Литмир - Электронная Библиотека

— Для вашего с супругом успокоения от всей души желаю, чтобы это было так.

— Если это и так, то Шпельман — наш Самуэль Н. Шпельман — тут, можно сказать, ни при чем, — продолжала свой рассказ фрейлейн фон Изеншниббе. — Он только унаследовал богатство отца и, говорят, к делам никогда особой любви не питал. Все нажил его отец — в общих чертах я обо всем могу рассказать, я сама читала. Его отец-он был немцем — ничего из себя не представлял, так, авантюрист; он отправился за океан и сделался старателем. Ему повезло, он нашел золото и приобрел небольшое состояние-можно даже сказать, довольно большое — и пустил его в оборот, занялся нефтью, сталью, железнодорожным строительством, а потом всем, чем годно, и все богател и богател. А когда он умер, дело уже было на полном ходу, и его сыну Самуэлю, унаследовавшему фирму птицы Рох, оставалось только класть в карман огромные дивиденды и все богатеть и богатеть, и теперь у него столько денег, что и выговорить страшно. Вот как все было.

— И ты говоришь, Иеттхен, что у него есть дочь? Что она собой представляет?

— Да, Дитлинда, жена умерла, но у него осталась дочь, мисс Шпельман, и ее он тоже берет с собой. Судя по всему, что я читала, странная девушка. Он сам sujet mixte[9] потому что его отец женился на южанке — на полукровке. Отец у нее был немец, а мать туземка. И Самуэль тоже женился на американской немке, наполовину англичанке, вот ее-то дочь и есть мисс Шпельман.

— Господи помилуй, Иеттхен, да что же это за помесь!

— Совершенно верно, Дитлинда.
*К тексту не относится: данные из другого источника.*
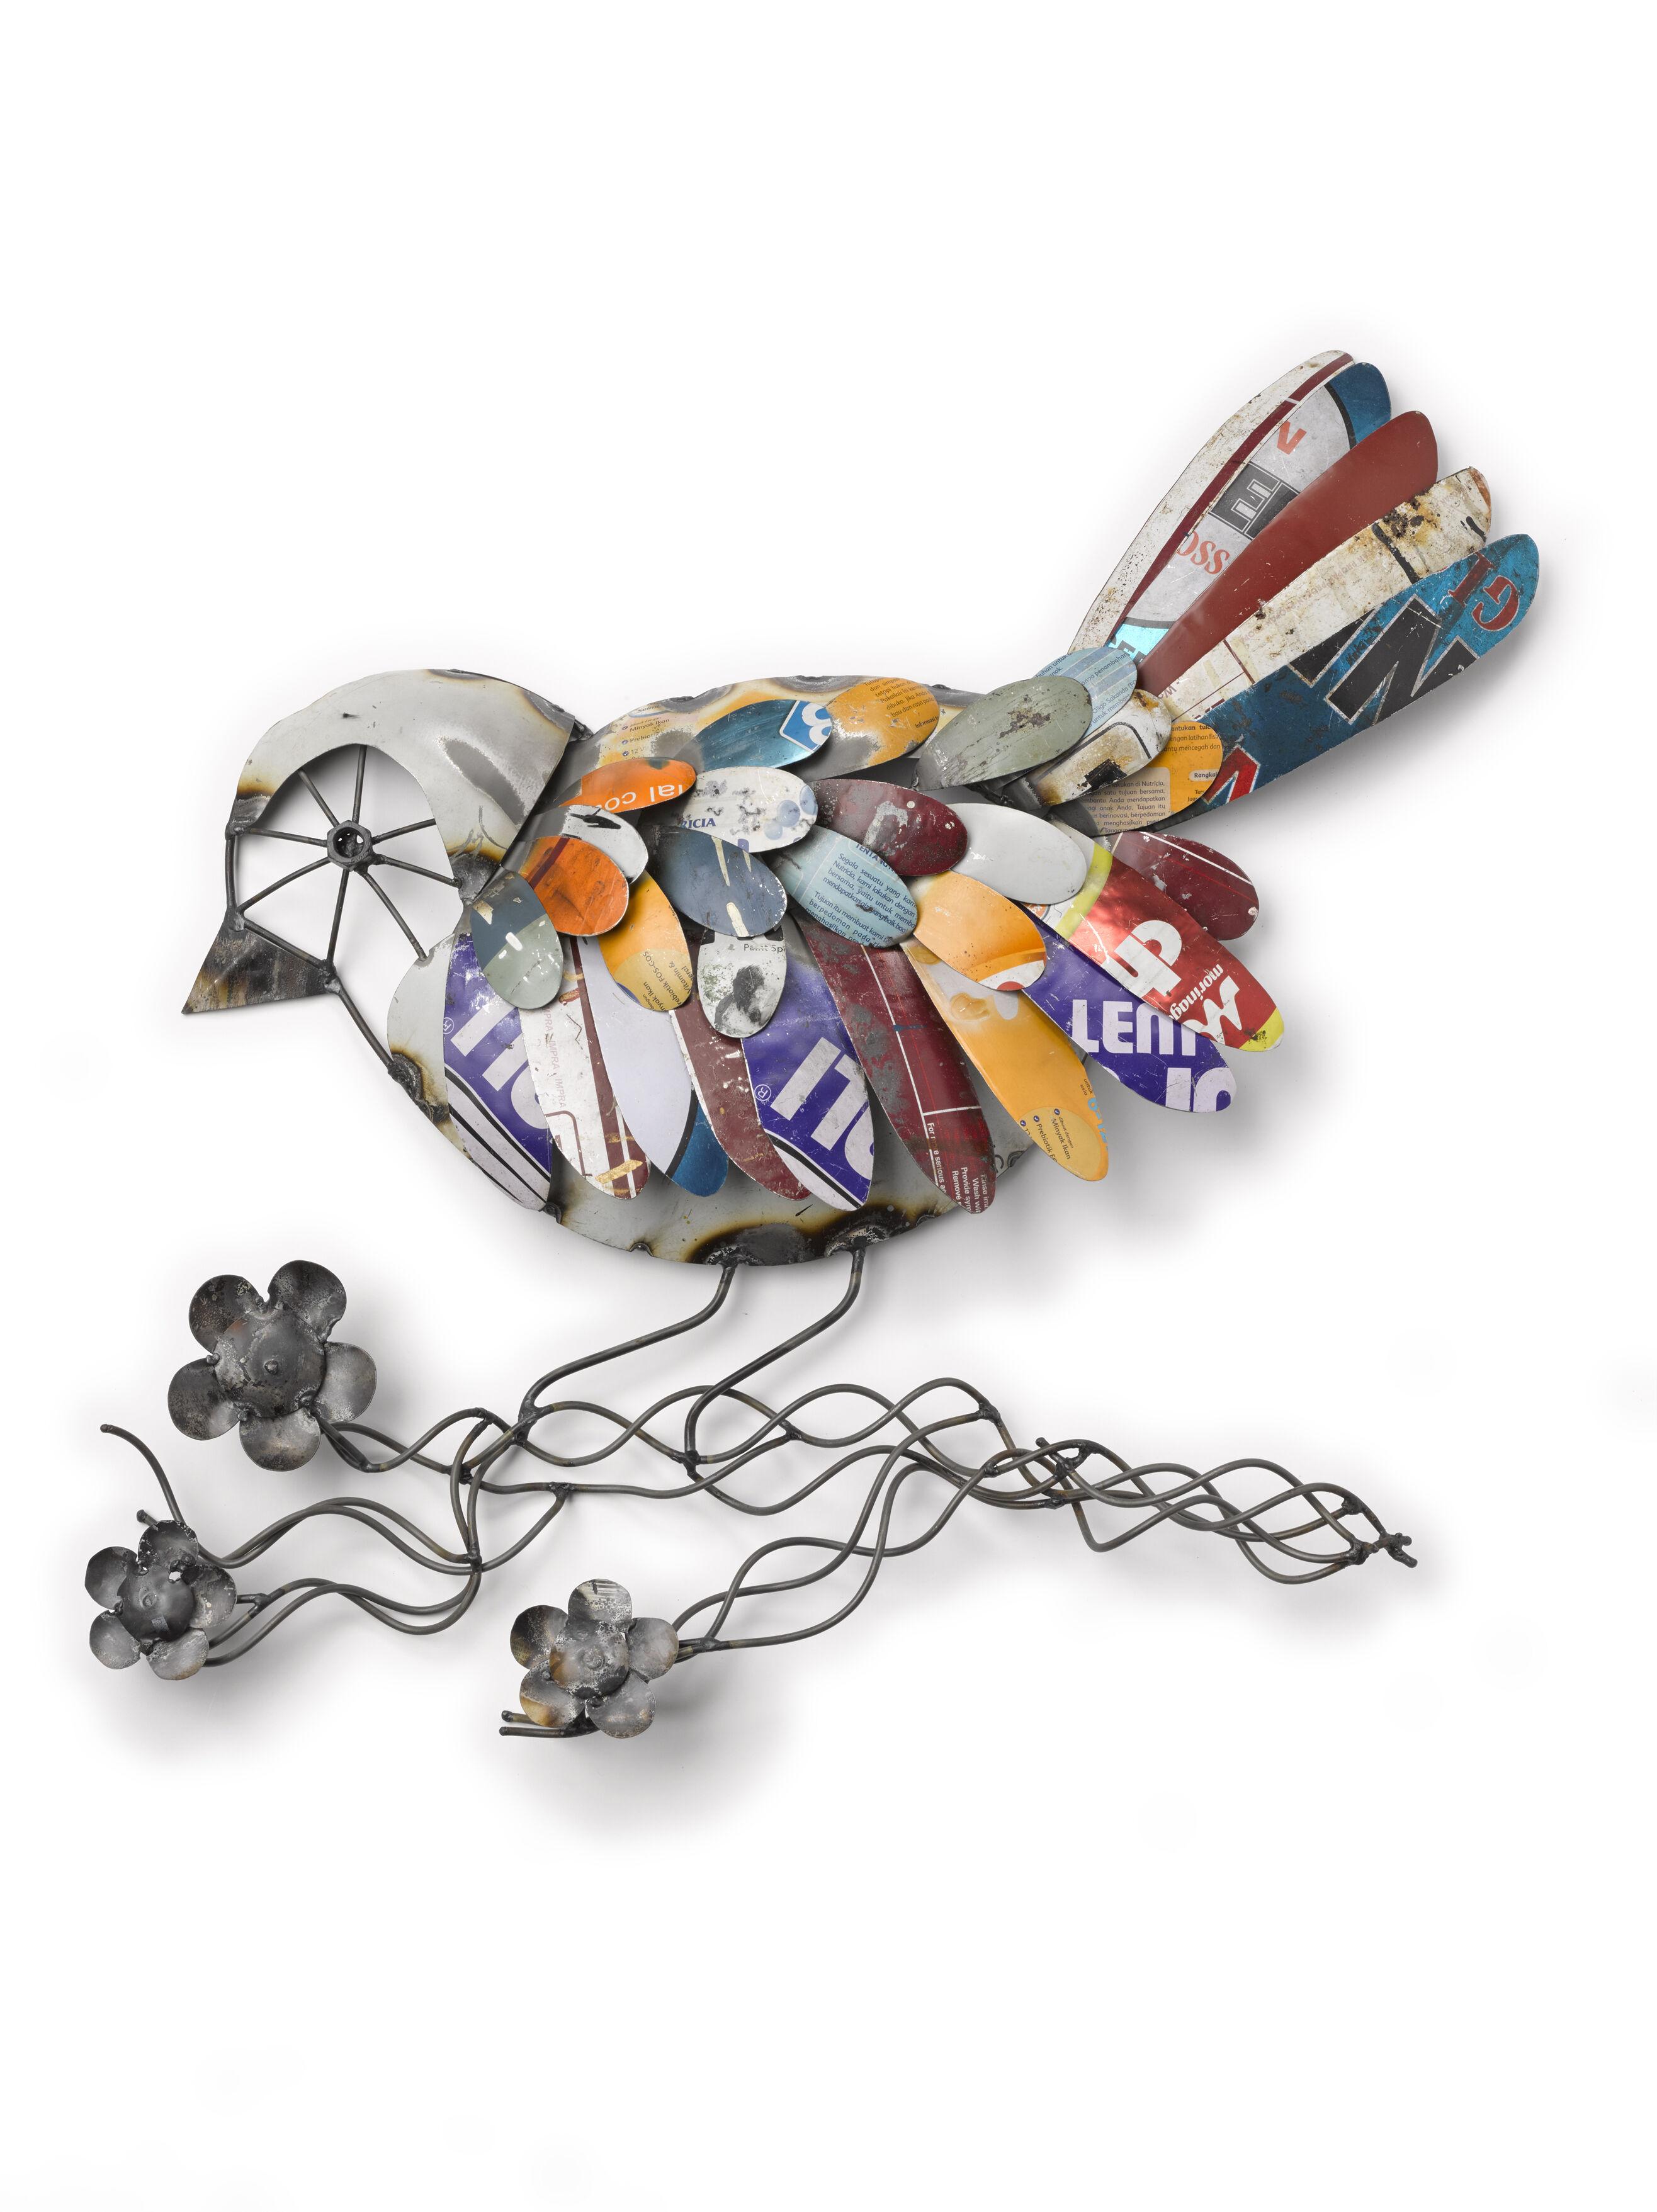 Outdoor Metal Wall Art: Recycled Metal Bird Wall Art ... on Backyard Metal Art id=47141

Как я слышала, она очень образованная, занимается не хуже мужчины, изучает алгебру и такие трудные предметы…

— Ну, мне она от этого симпатичней не станет.

— А сейчас будет самое сногсшибательное, Дитлинда: у мисс Шпельман есть компаньонка, и эта компаньонка — графиня, самая настоящая графиня состоит при ней в компаньонках.

— Господи помилуй! — воскликнула Дитлинда. — И ей не стыдно? Как хочешь, Иеттхен, но я твердо решила: мне до Шпельмана дела нет. Пусть пьет себе на здоровье здесь воду, а затем отправляется восвояси вместе с графиней и своей алгебраической дочерью, меня это нисколько не трогает. На меня его нажитое нечестным трудом богатство никакого впечатления не производит. А ты, Клаус-Генрих, как думаешь?

Клаус-Генрих смотрел поверх головы фрейлейн Изеншниббе на светлое окно.

— Насчет впечатления? — переспросил он. — Я думаю, богатство на меня впечатления не производит, я имею в виду то, что принято называть богатством. Но мне сдается, все зависит от… все зависит, как мне кажется, от масштаба. У нас здесь тоже есть несколько своих богачей… У мыловара Уншлита, говорят, миллион… Я его иногда вижу, когда он катается по парку в собственном экипаже… Он очень толстый и вульгарный… Но если человек из-за своего огромного богатства болен и одинок… Не знаю…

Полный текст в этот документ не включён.